We used a two-stage meta-analytic framework to take into account differences between hospitals. In the first stage, for each hospital a linear regression model was fitted for each F0-related feature as the dependent variable using MDD and covariates as the predictor variables. We applied rank-based inverse normal transformation to the voice features. At stage 2, beta coefficients for MDD and standard errors from stage 1 were pooled using random-effects meta-analysis [63], assuming that the true effect sizes in different sites are not exactly the same but are drawn from a distribution of effect sizes. P values were FDR-adjusted [64]. In the second stage, we repeated the analyses in four hospitals with sample sizes ≥100 (N = 1084, Fig. S1). We performed the same procedure as in the two-stage meta-analysis above. We combined results from both discovery and replication cohorts using random-effects meta-analysis [63].

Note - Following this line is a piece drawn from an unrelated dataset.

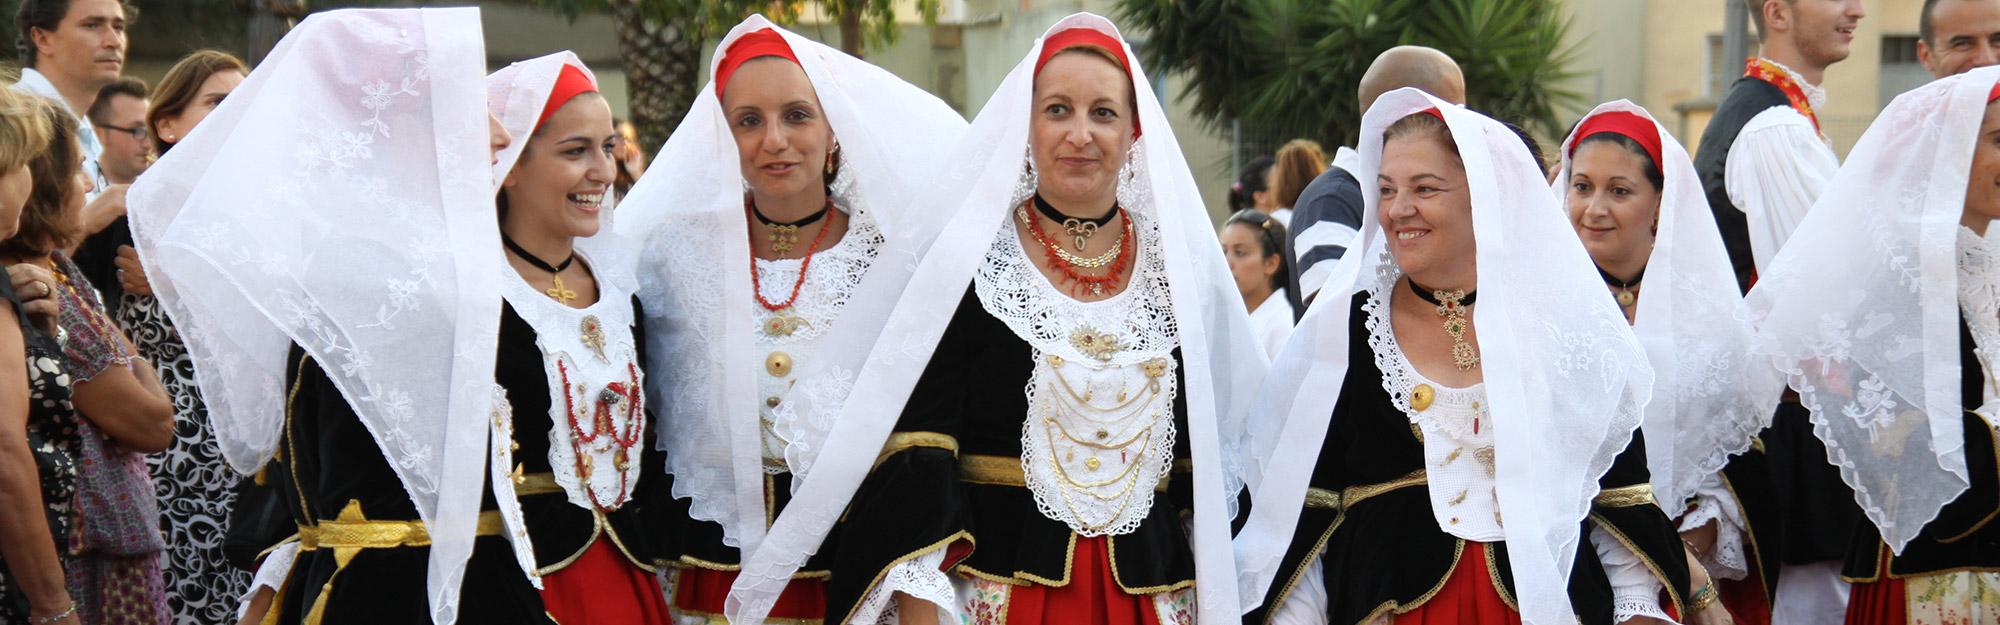 Sardinien Kultur & Tradition

Heritability and genetic correlations

Heritability and genetic correlations were estimated on the 7654 subjects in CONVERGE (Fig. S1). The SNP-based heritability used a generalized REML (restricted maximum likelihood) method implemented in LDAK [65]. We applied rank-based inverse normal transformation to the voice features and incorporated the above covariates and 20 genetic PCs. P values were FDR-adjusted. For heritable voice features, we estimated their genetic correlation with MDD, adjusting for these same covariates and 20 genetic PCs. The genetic correlation was calculated through a bivariate GREML analysis implemented in GCTA [66, 67]. P values were FDR-adjusted based on the number of heritable voice features.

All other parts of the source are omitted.